Work request:
Leave the pictures behind and reproduce every line of the listing exactly.

** Opening Source data block **

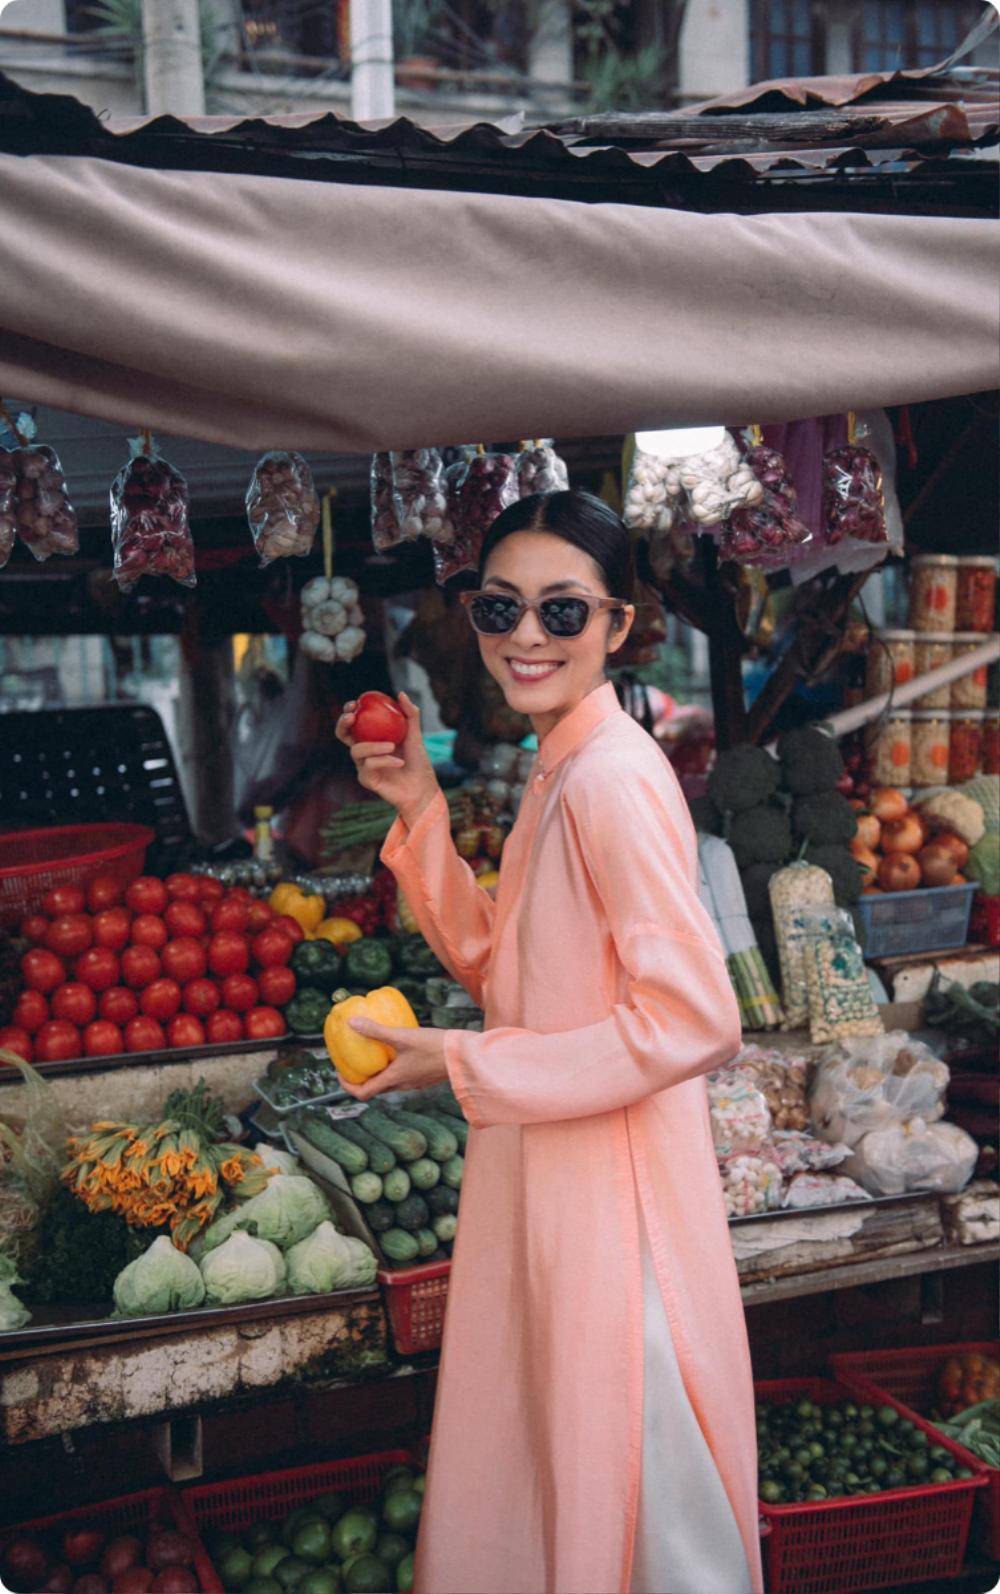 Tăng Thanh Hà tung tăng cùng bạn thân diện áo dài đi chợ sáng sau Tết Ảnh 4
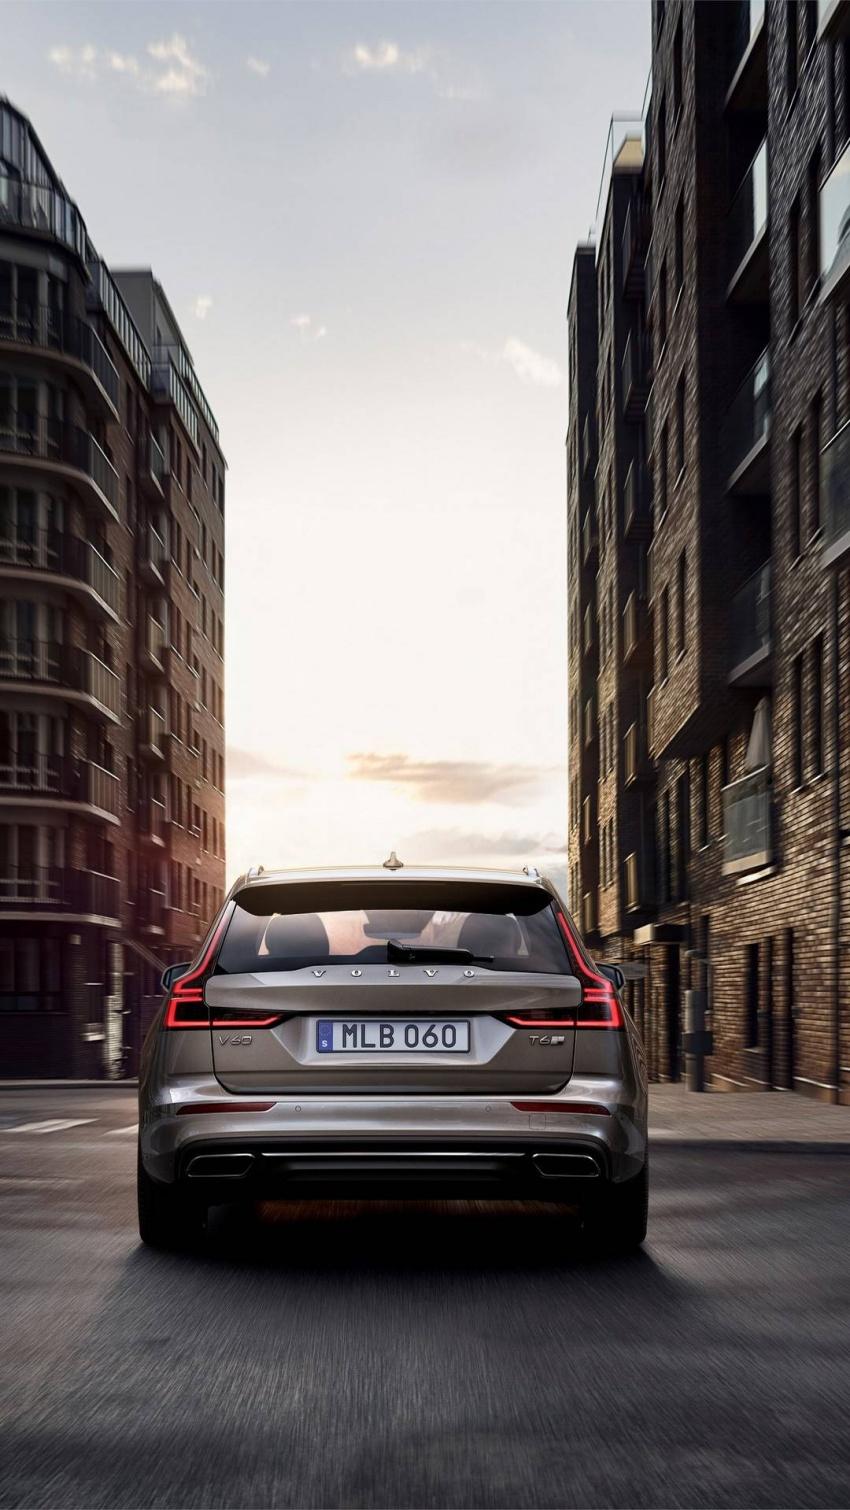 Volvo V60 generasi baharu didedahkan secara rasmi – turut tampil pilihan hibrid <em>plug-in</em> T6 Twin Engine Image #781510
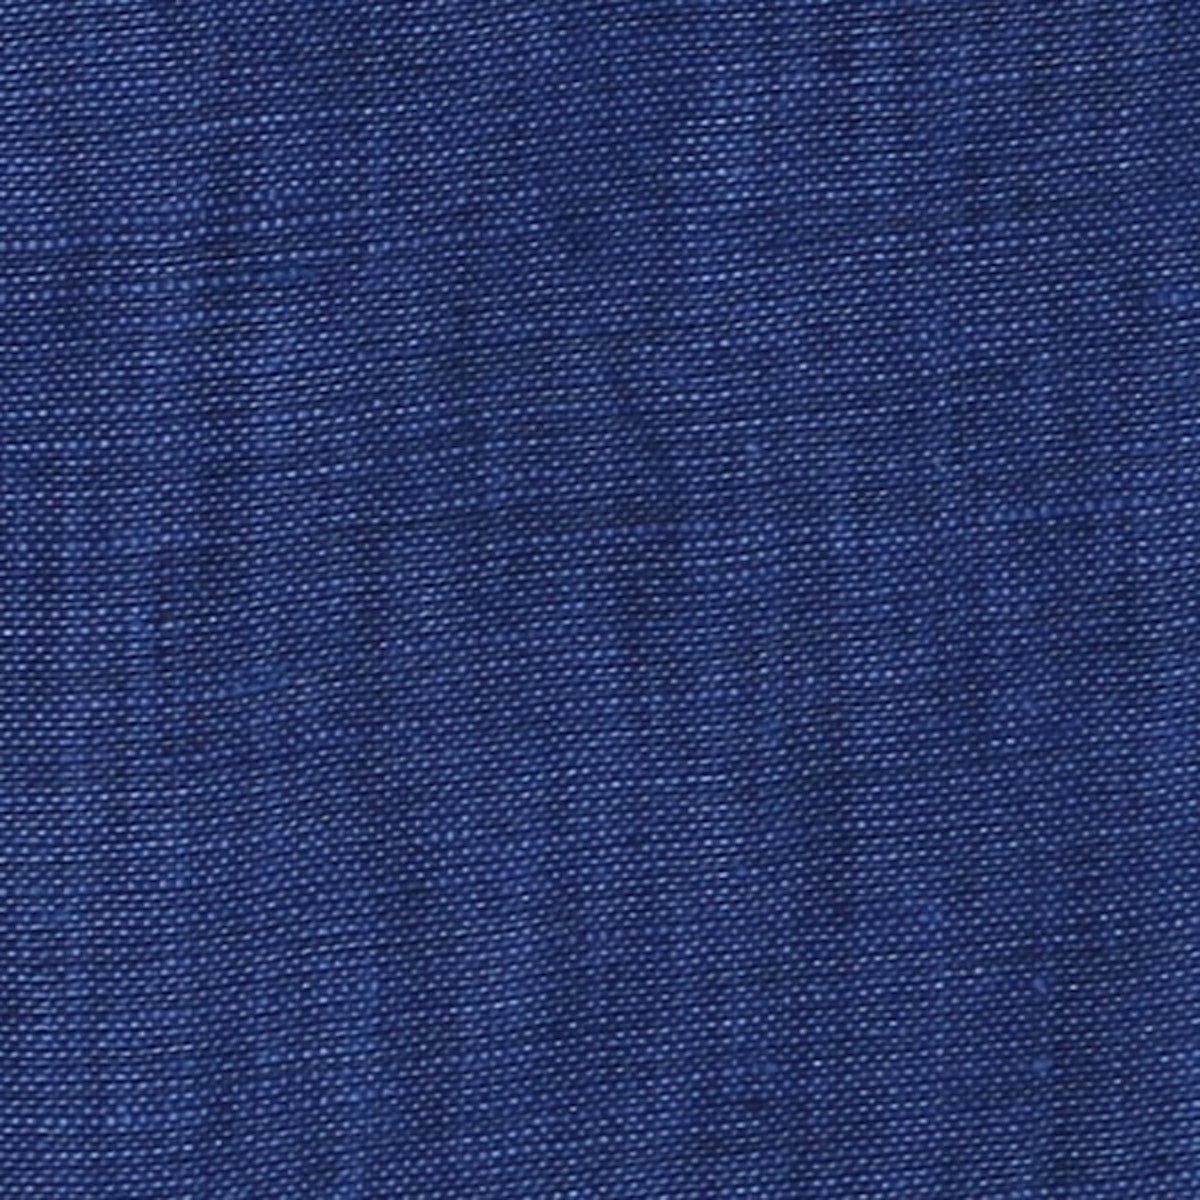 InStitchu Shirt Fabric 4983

** Closing Source data block **

Exercise answer:
 Tăng Thanh Hà tung tăng cùng bạn thân diện áo dài đi chợ sáng sau Tết Ảnh 4
 Volvo V60 generasi baharu didedahkan secara rasmi – turut tampil pilihan hibrid <em>plug-in</em> T6 Twin Engine Image #781510
 InStitchu Shirt Fabric 4983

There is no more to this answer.